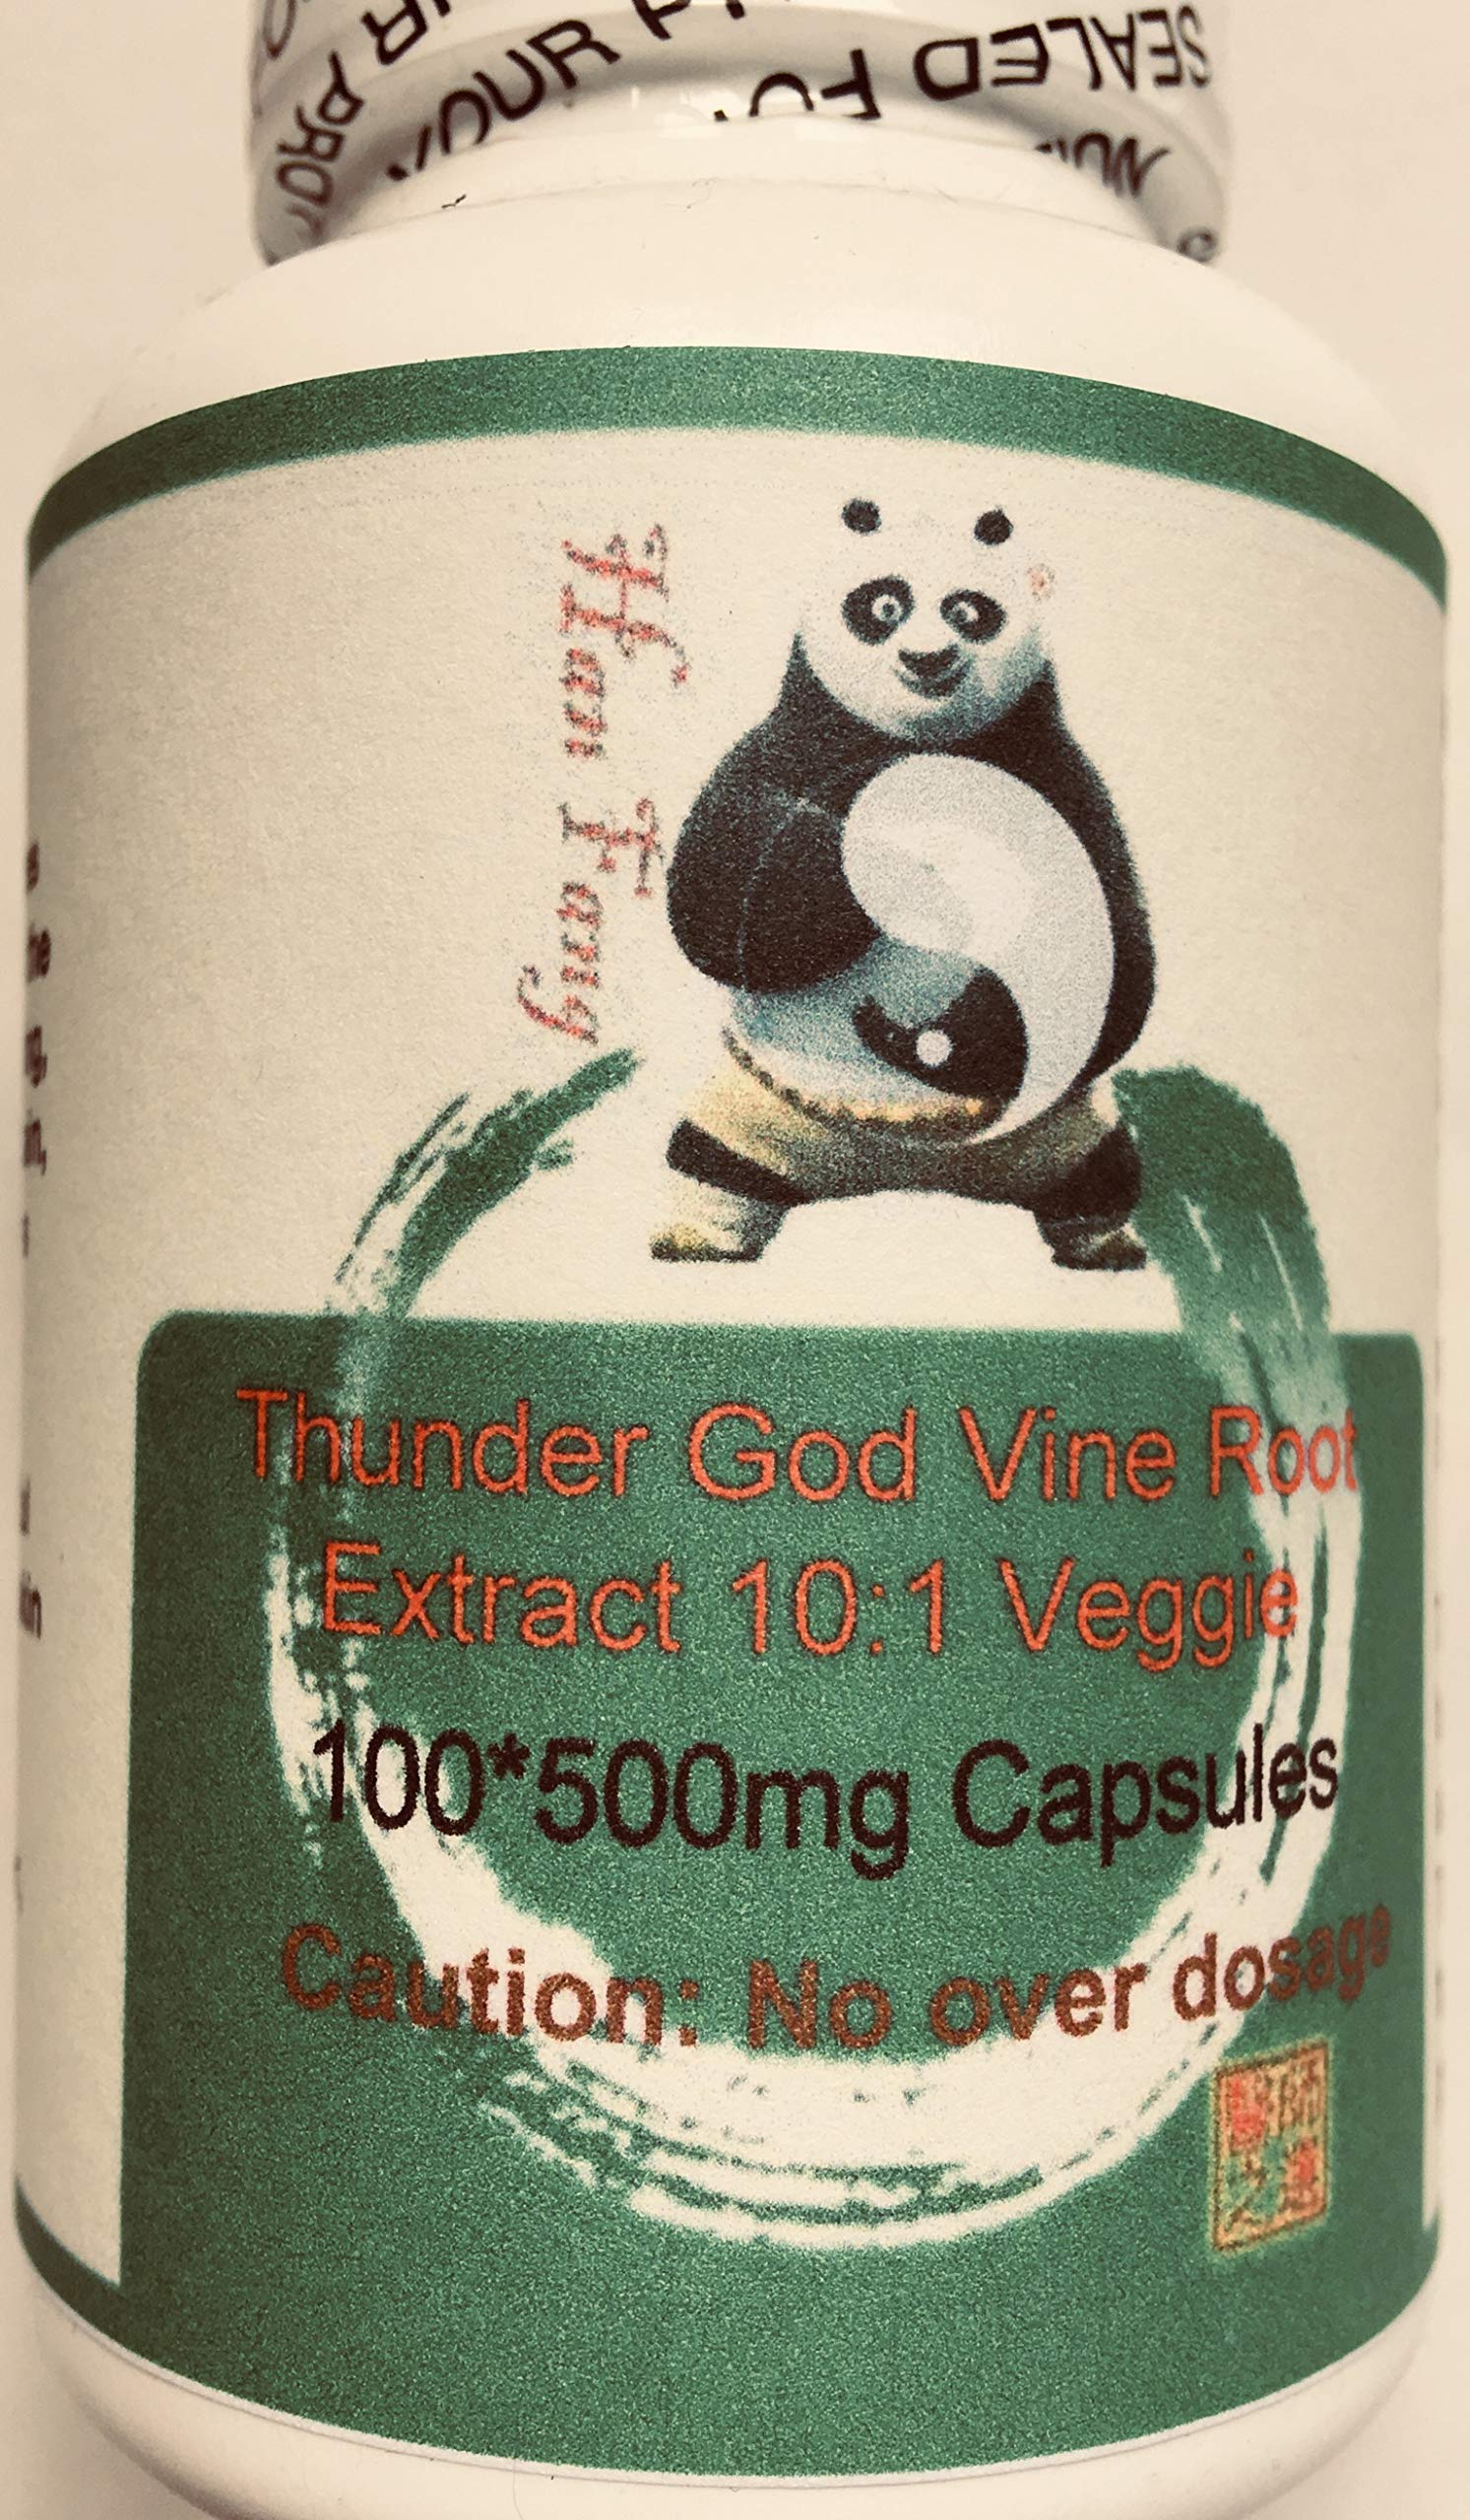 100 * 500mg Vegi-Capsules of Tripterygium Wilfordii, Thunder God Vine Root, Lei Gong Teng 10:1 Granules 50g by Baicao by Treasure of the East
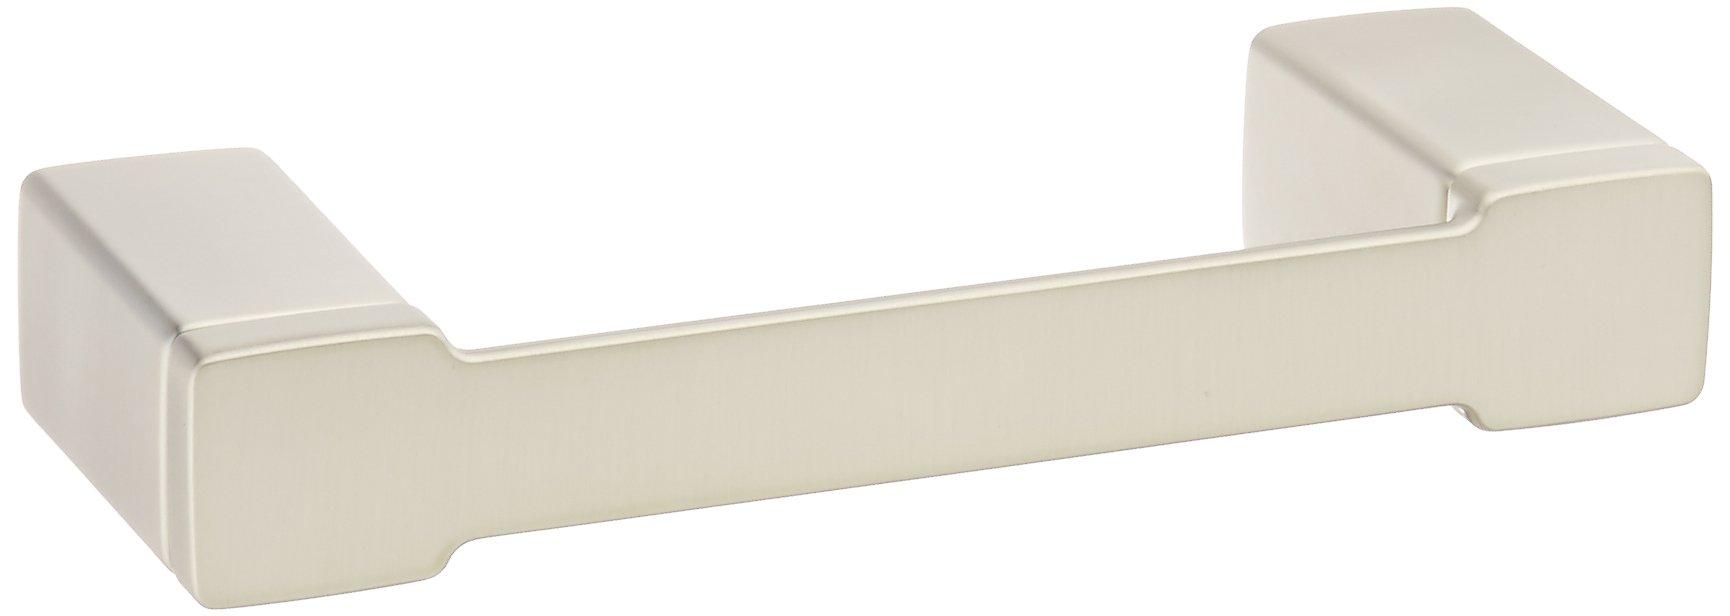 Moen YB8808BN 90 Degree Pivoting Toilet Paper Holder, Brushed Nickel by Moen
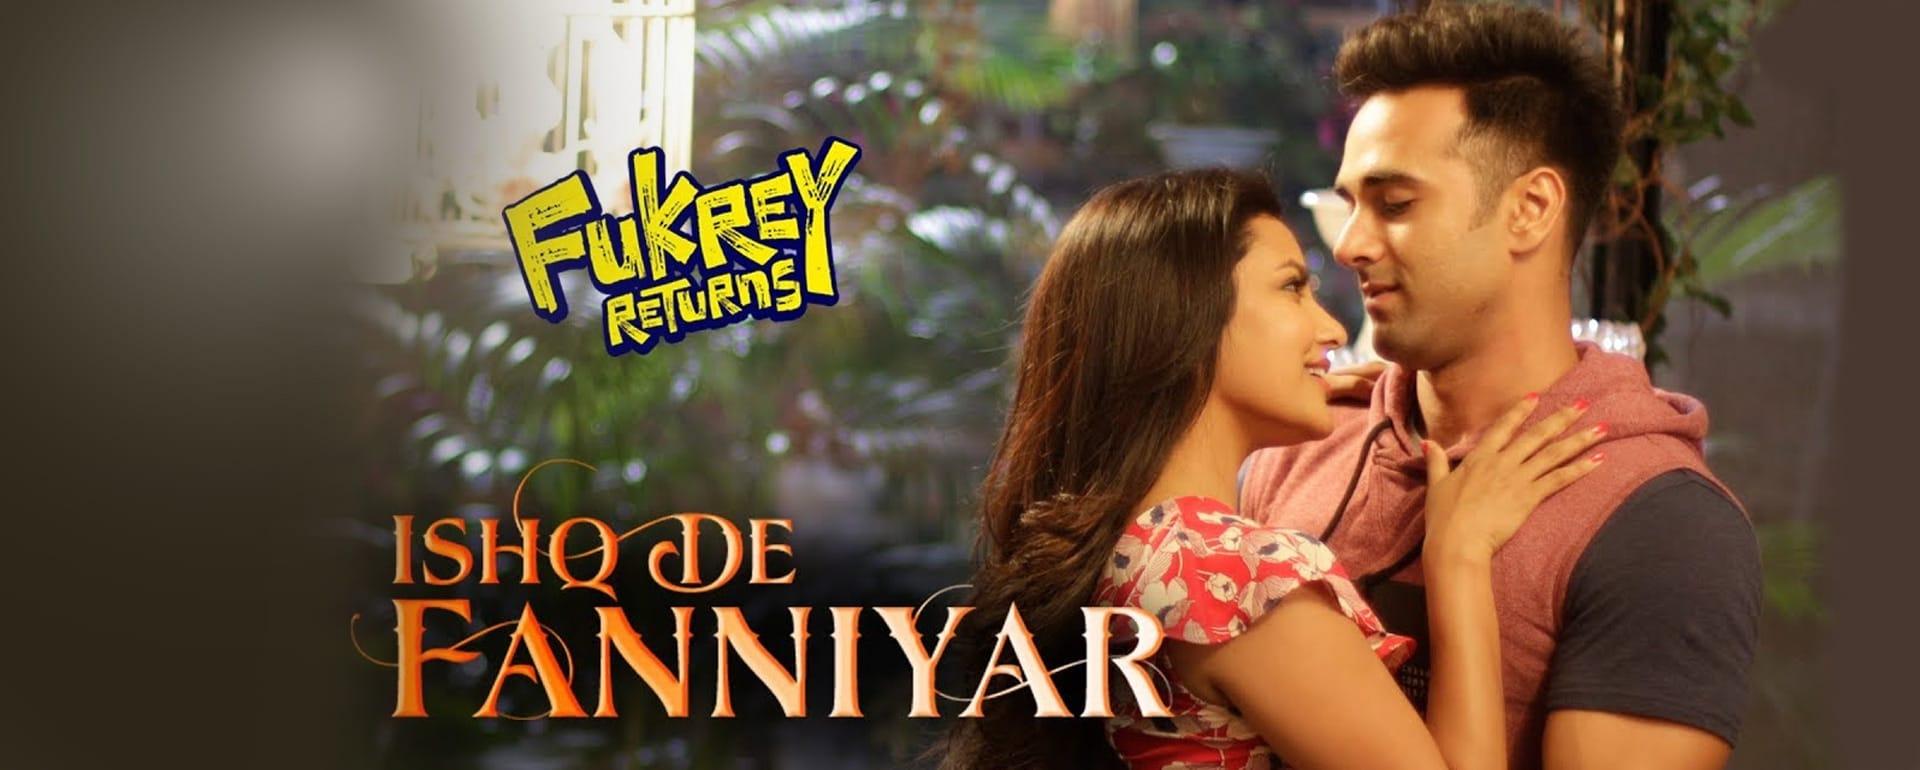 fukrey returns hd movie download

▶ [Task brief] Copy the listing above verbatim, leaving out pictures.

▶ [Written answer]
 100 * 500mg Vegi-Capsules of Tripterygium Wilfordii, Thunder God Vine Root, Lei Gong Teng 10:1 Granules 50g by Baicao by Treasure of the East
 Moen YB8808BN 90 Degree Pivoting Toilet Paper Holder, Brushed Nickel by Moen
 fukrey returns hd movie download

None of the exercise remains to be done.